Older U.S. residents were more likely to be working or looking for work in 2003 than they were in 2002.[@@]
When Sara Rix, a researcher at the AARP Public Policy Institute, Washington, analyzed the latest figures on employed and unemployed members of the U.S. labor force from the federal Bureau of Labor Statistics, she found that the participation rate for workers who were at least 55 increased to 35.7%, from 34.5% in 2002.
The growth rate was faster for workers ages 65 and over, Rix writes in a report on the analysis.
The participation rate increased to 27.4%, from 26.1%, for workers ages 65 to 69; to 14.6%, from 14%, for workers ages 70 to 74; and to 5.8%, from 5.1%, for workers ages 75 and over.
The gain was most dramatic for women ages 65 to 69. Their labor participation rate jumped to 22.7%, from 20.8%.
The increase in older workers’ participation in the labor force emerged even as a weak economy cut the participation rate for workers under 55 to 78.2%, from 78.7%.
Some economists are predicting that the Social Security trust fund and private retirement plans will be stronger than expected because many Americans will work past the “normal” retirement age.
A November 2003 AARP survey found that 20% of all retires over age 54 and 5% of retirees over age 64 were thinking about returning to work because of the recent performance of their investments.

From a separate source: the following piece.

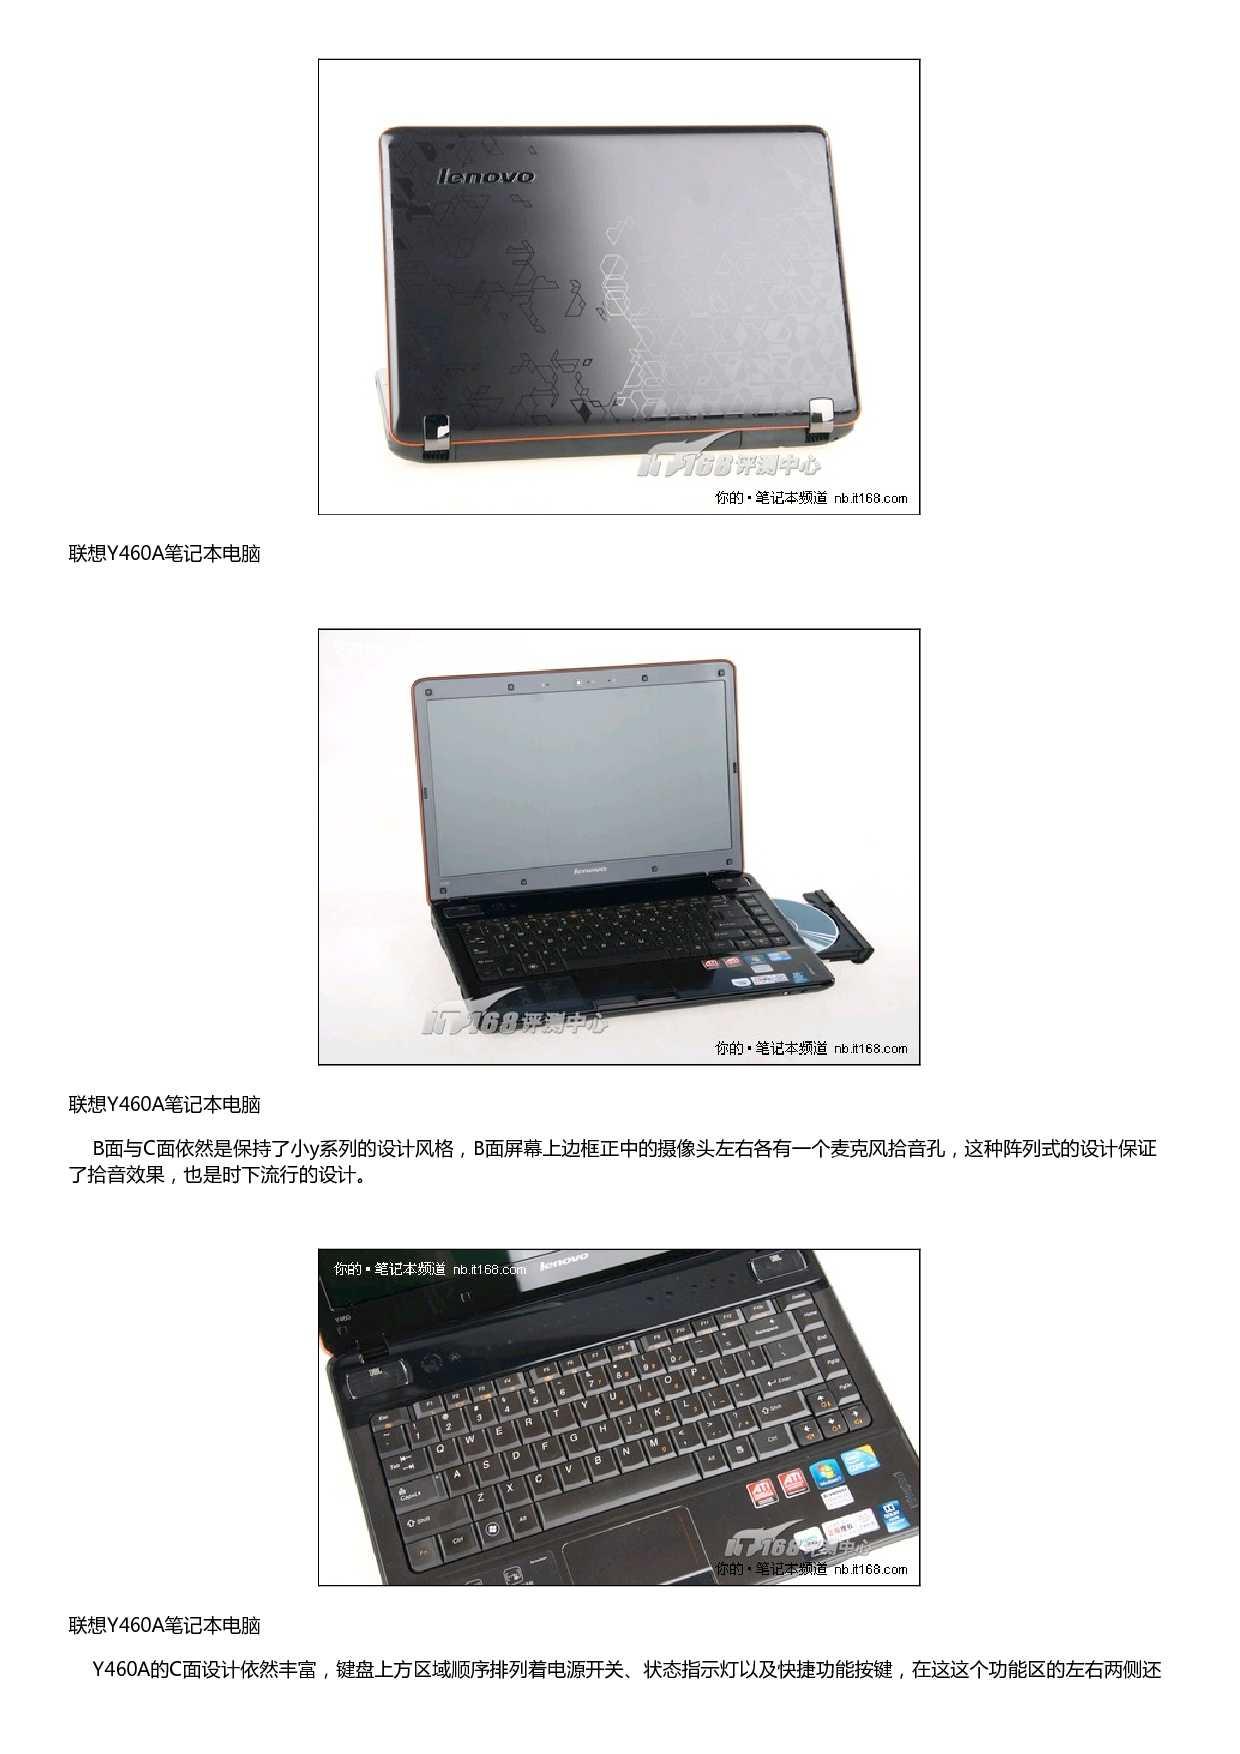 解决方案:如何为Lenovo Y460切换图形卡

But Rix notes that a big expansion in the percentage of older Americans who work might require a change in employer attitudes as well as a change in older Americans’ interest in working.
“Age continues to work against many older men and women in the labor force, as evidenced by the length of time it takes so many who have become unemployed to find work,” Rix writes.
The average duration of unemployment was 18.4 weeks for job seekers under age 55 and 25.5 weeks for workers over age 54, Rix writes.